Our panel will include:

  • Whitney Henion, Vancouver School District
  • Kate Vance, Multnomah County
  • Tom Wharton, Port of Portland
  • Jake LaMana, Walsh Construction
  • Matt Jacoby, BRIC Architecture

January 2019 Monthly Meeting

Time: 
Jan 8 2019 - 12:00pm - 1:30pm
Meeting Title: 

Building Science in Old Buildings

Location: 

Aceh Community Room
Mercy Corps, 45 SW Ankeny St
Portland, OR 97204

Presenters: 

Sarah Gray, PE

Dave Young, PE

Description: 

The materials and systems used in buildings have changed dramatically over time. Understanding how old buildings work from a building science perspective will lead to better maintenance and retrofit decisions. Sarah Gray and David Young will discuss how traditional materials and construction practices managed heat transfer, air flow, vapor diffusion and moisture absorption in old buildings. We will also discuss how performance can be maintained or improved. Case study examples will illustrate challenges and solutions for old buildings.

Sarah Gray is Principal with RDH Building Science Inc. and has been based in Toronto for over 15 years.

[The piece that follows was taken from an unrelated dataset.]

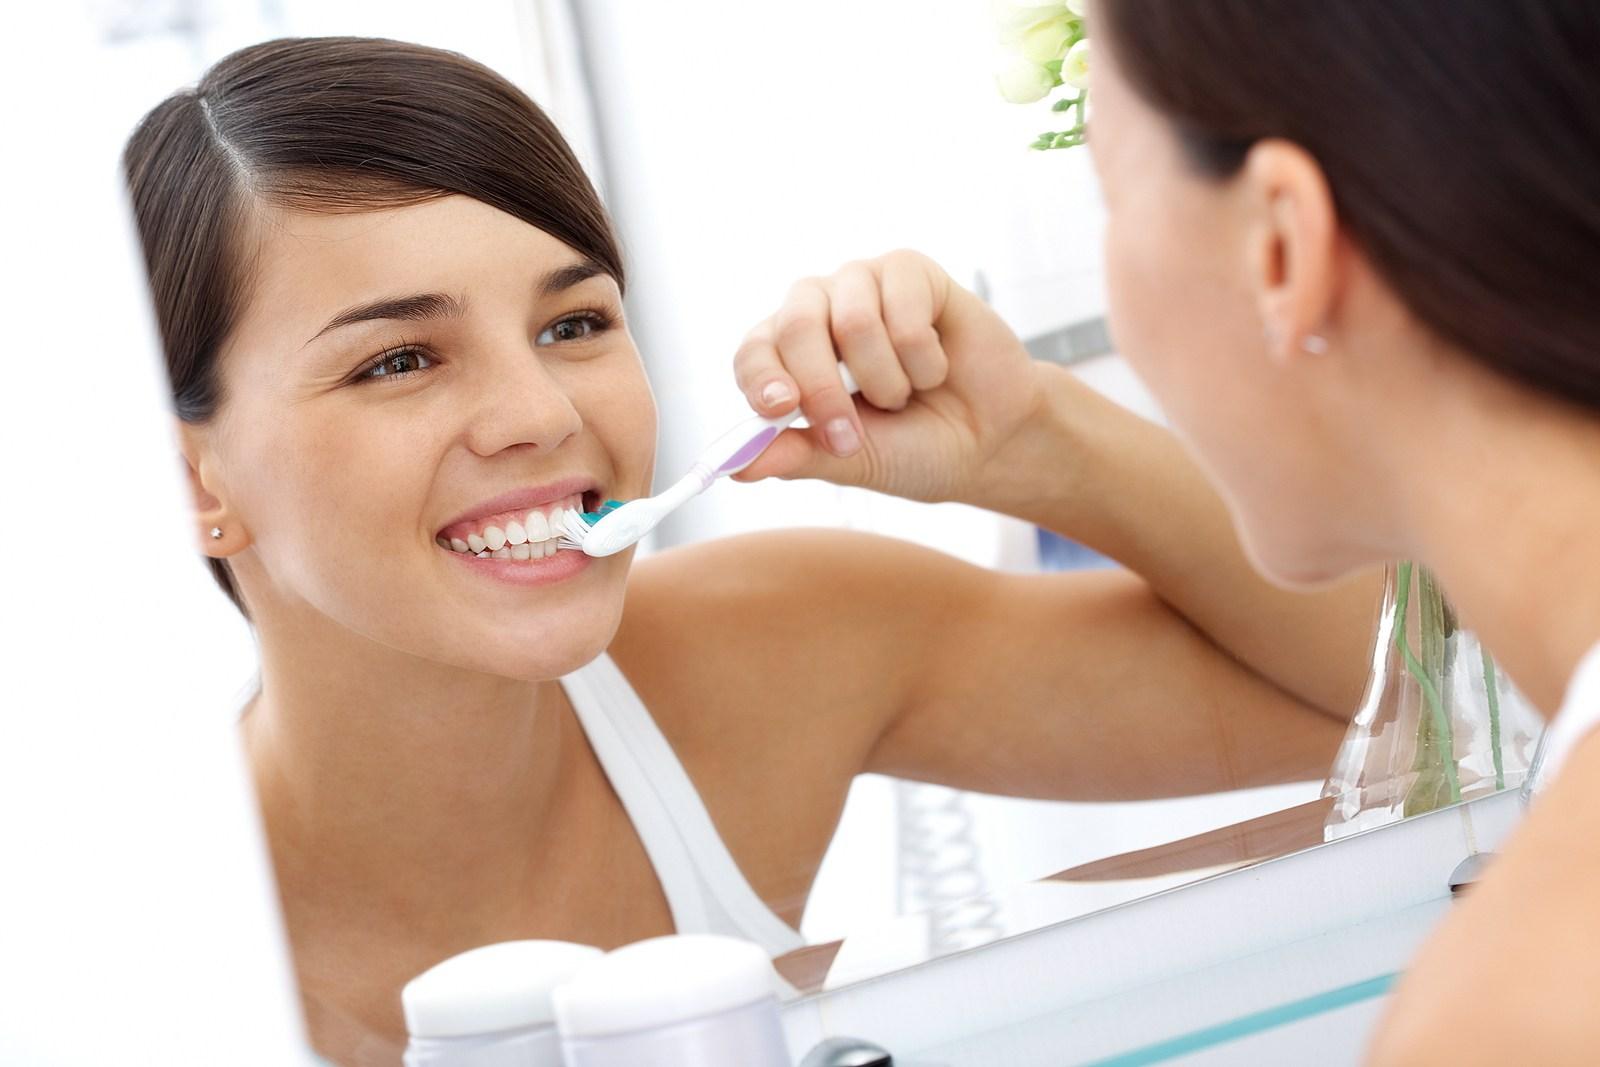 Bật mí 4 cách chữa hôi miệng bằng nước vo gạo cực hay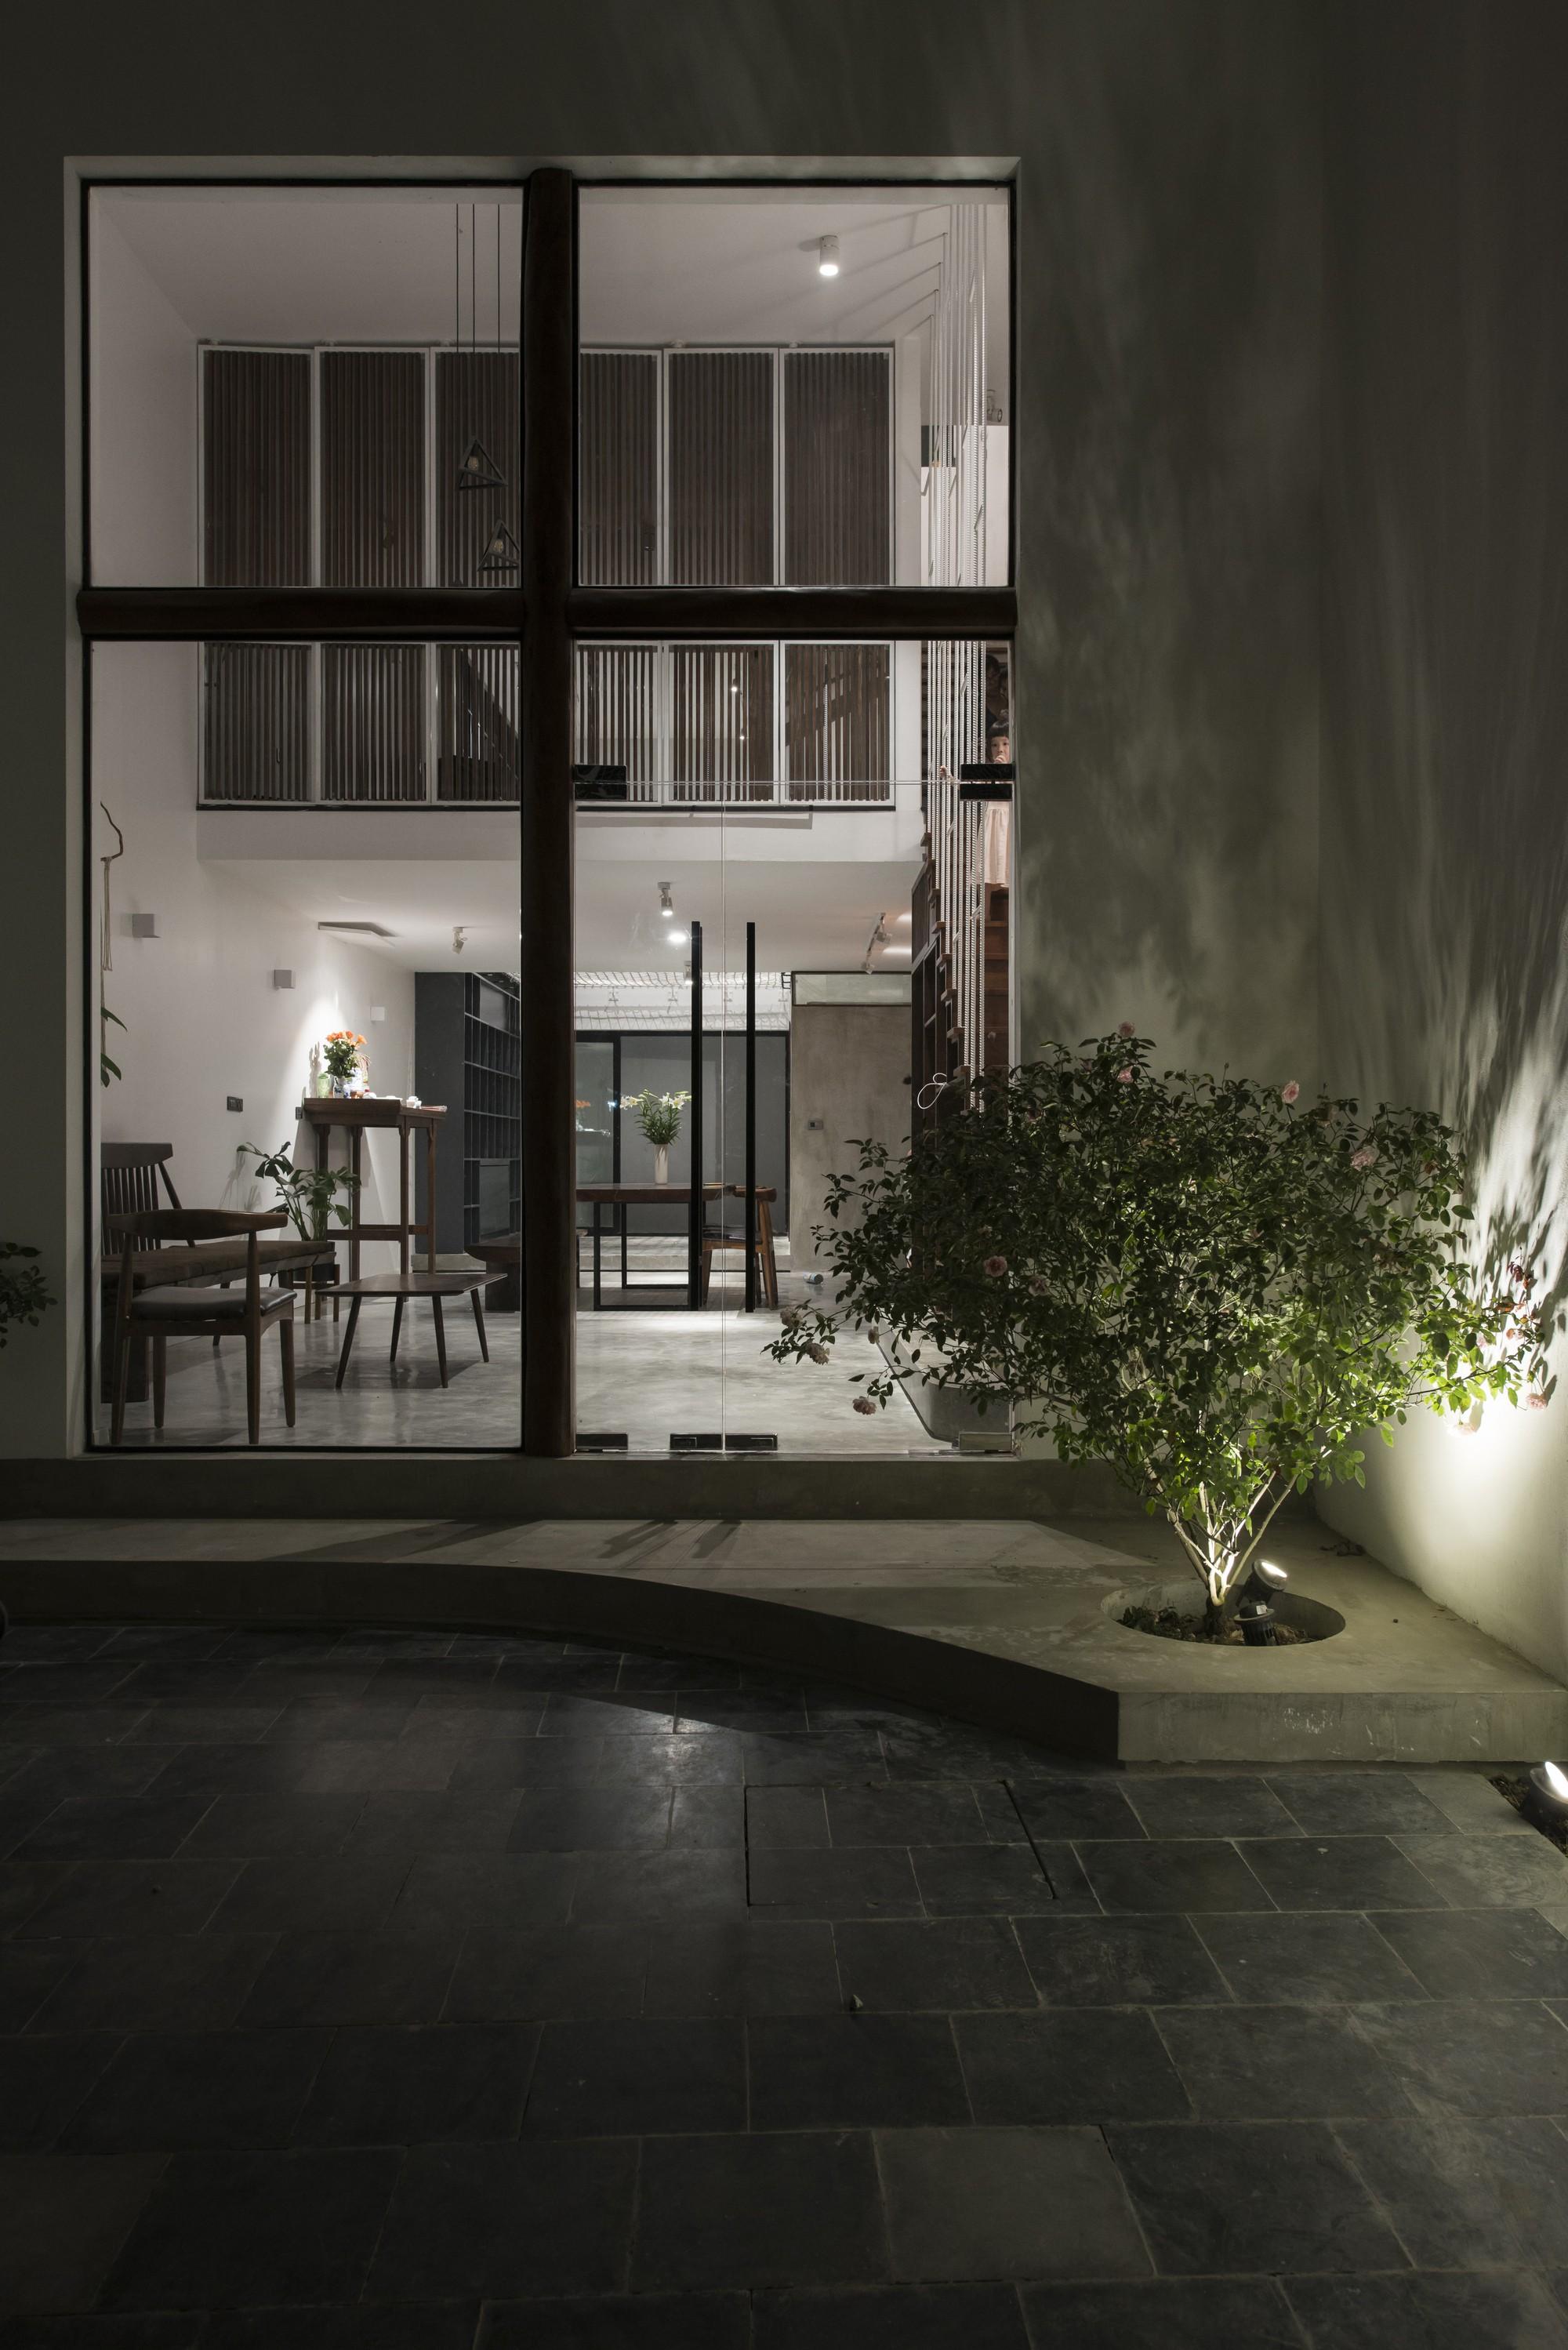 Quên đi cái thời cứ nhà ống là tối tăm, ngôi nhà ống ngập tràn ánh sáng ở Hà Nội này sẽ cho bạn thấy điều ngược lại - Ảnh 3.

She has a Bachelor of Science degree in Civil Engineering from the University of Cincinnati and a Master of Science in Historic Preservation from the University of Pennsylvania. Her work is focused on heritage building rehabilitation, existing building condition assessment and renewal, and building enclosure consulting for new construction. She serves as a peer reviewer for the Association for Preservation Technology Bulletin and has taught building science courses at the University of Toronto. Sarah was awarded a 2010 Craftsman Award from the Canadian Association of Heritage Professionals for work at the Confederation Life Building in Toronto.

David Young is Principal with RDH Building Science Inc. Dave specializes in building enclosure consulting for both new and existing construction. His experience and expertise in historic building enclosures spans close to 30 years and includes work on the National Archives of Canada in Ottawa and the University of British Columbia Main Library.

One of Dave’s focus areas is to make historic buildings better by incorporating new enclosure technologies without changing the original aesthetics. This includes implementing moisture control, thermal improvements, and air tightness strategies, while reinstating original materials. This approach was used on the 100-year-old Oregon College of Oriental Medicine building in Portland, where corroded steel lintels above the windows were removed. The steel lintels were cleaned and protected, then reinstalled to create a new rainscreen cavity behind the brick veneer over the windows. The 3-wythe mass masonry wall above the lintels remained intact.